Problem requirements ::
Return the listing verbatim, images left out.

(Input data begins)

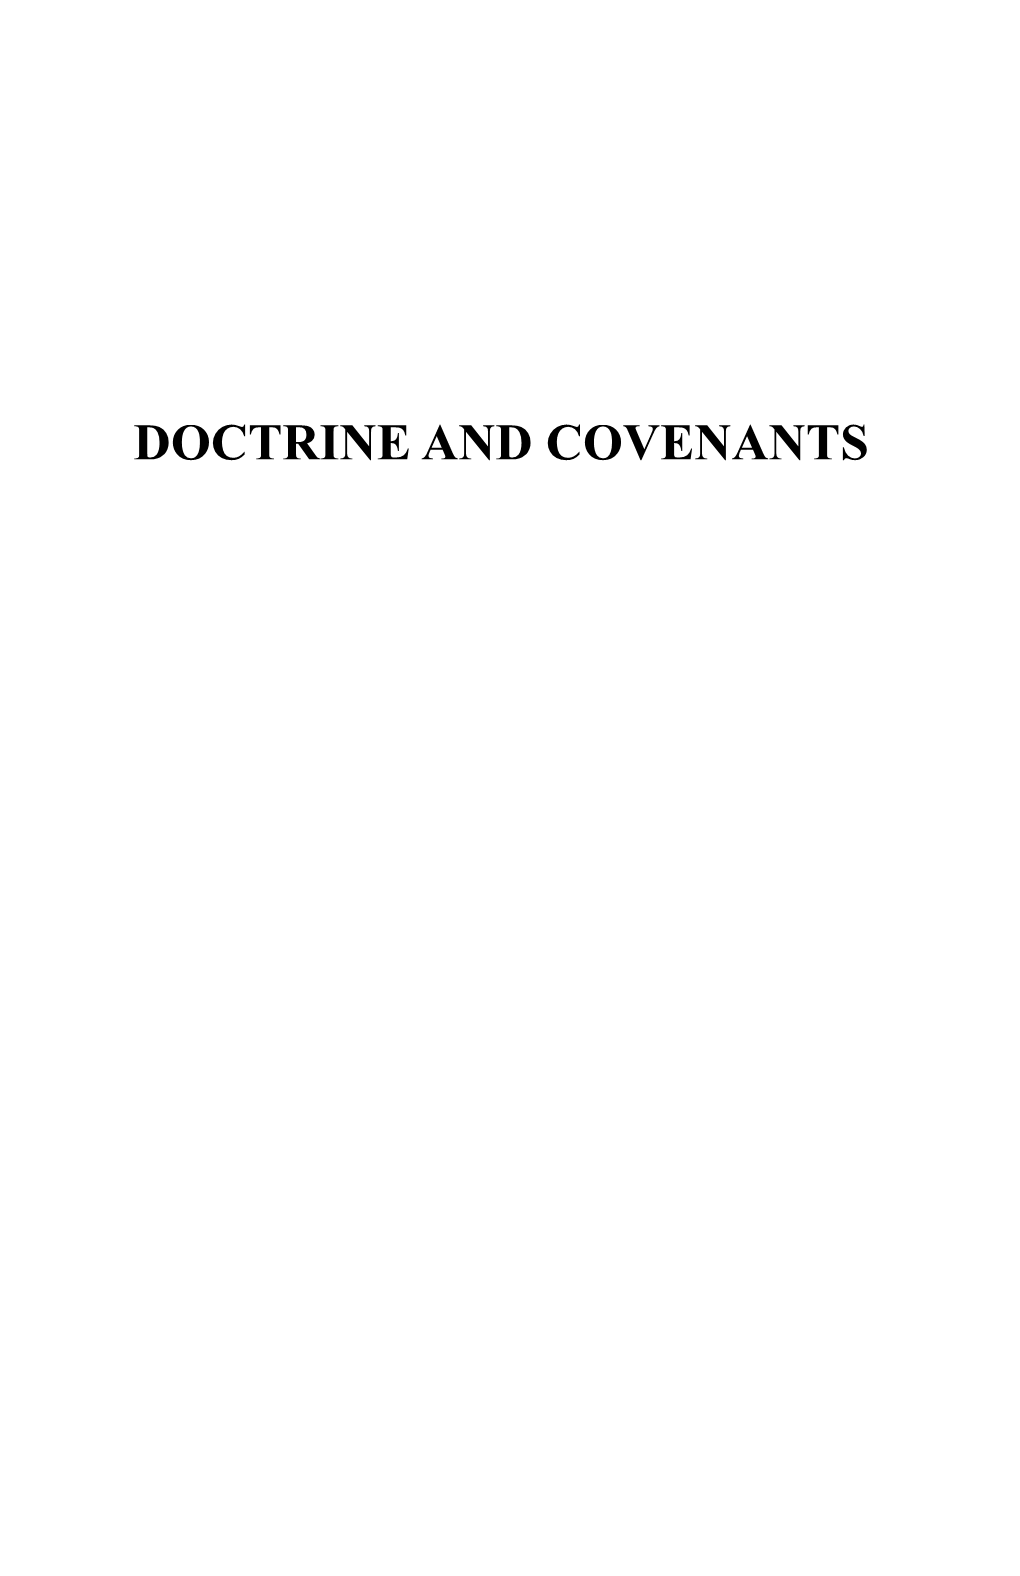 Doctrine and Covenants Section 1
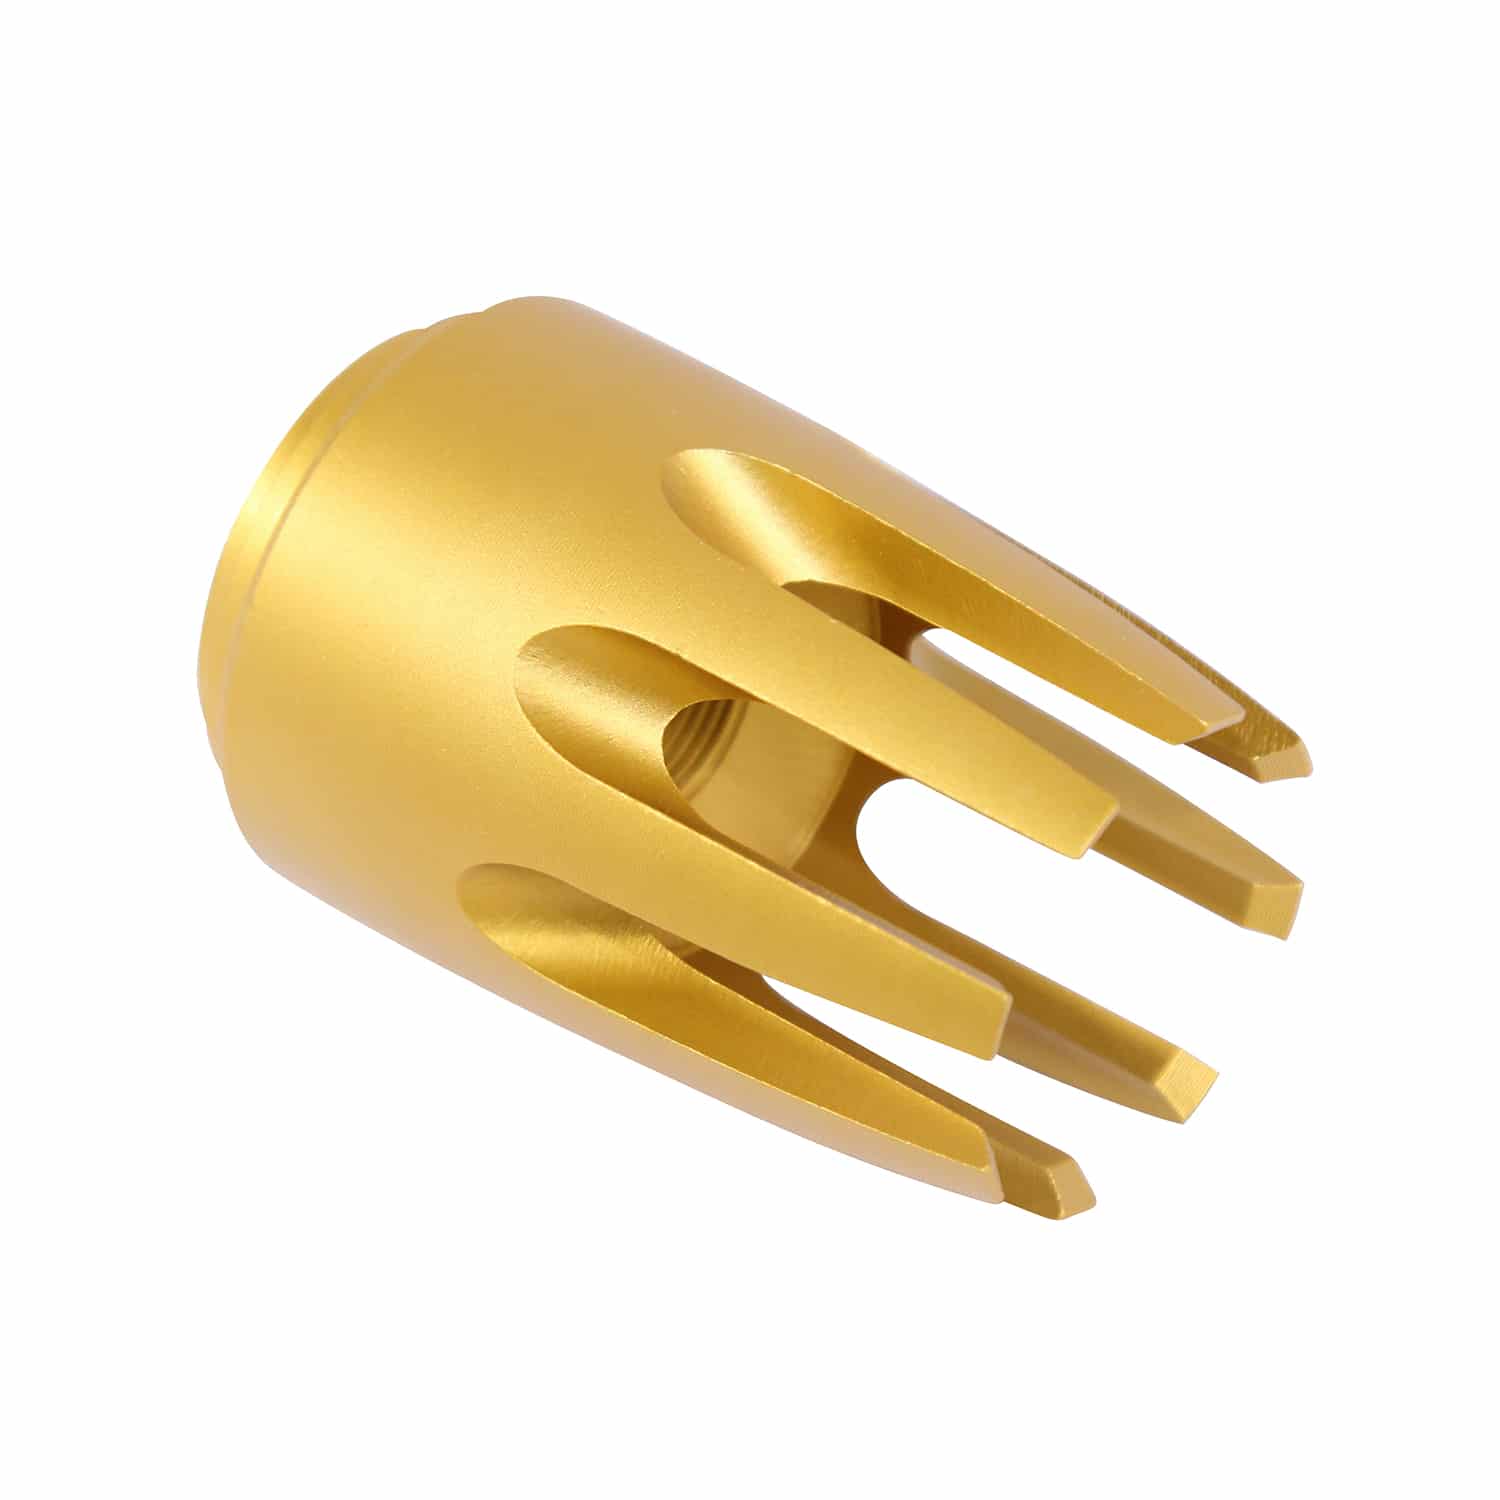 AR15 Claw Multi-Prong Flash Hider In Anodized Gold
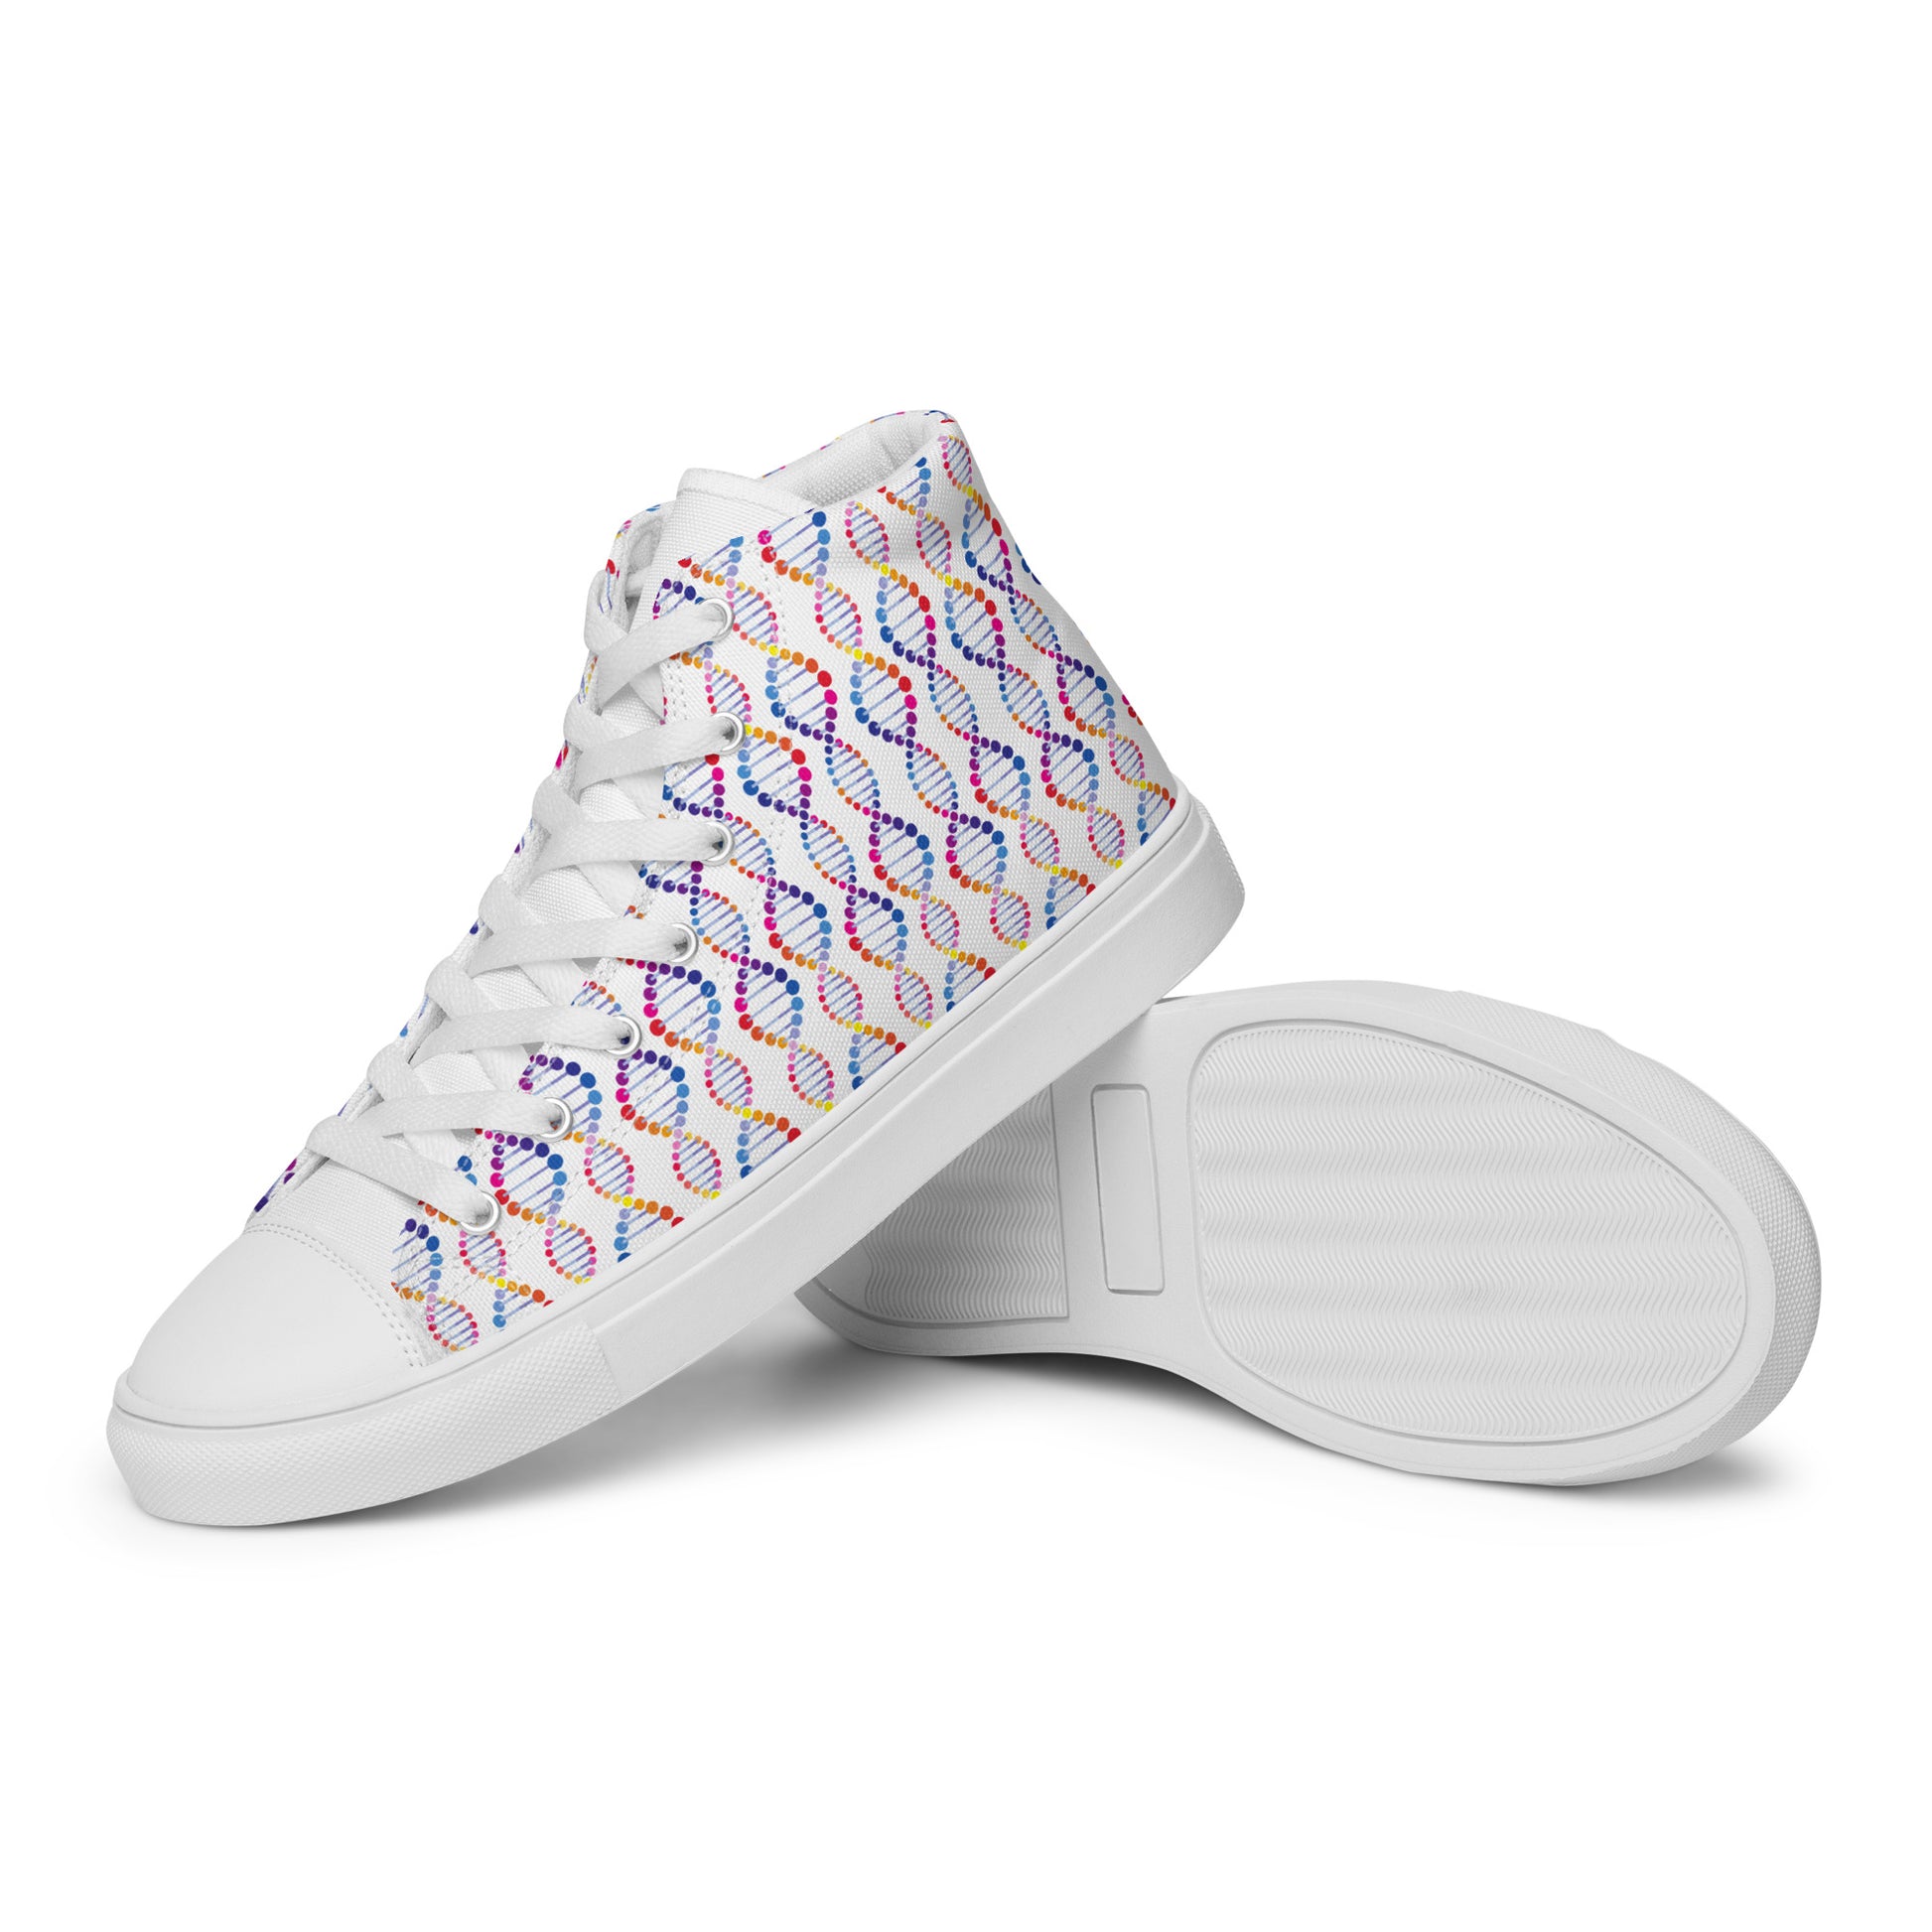 DNA - Women’s high top canvas shoes Womens High Top Shoes Outside Australia

(Input data ends)

Expected answer ::
 Doctrine and Covenants Section 1
 AR15 Claw Multi-Prong Flash Hider In Anodized Gold
 DNA - Women’s high top canvas shoes Womens High Top Shoes Outside Australia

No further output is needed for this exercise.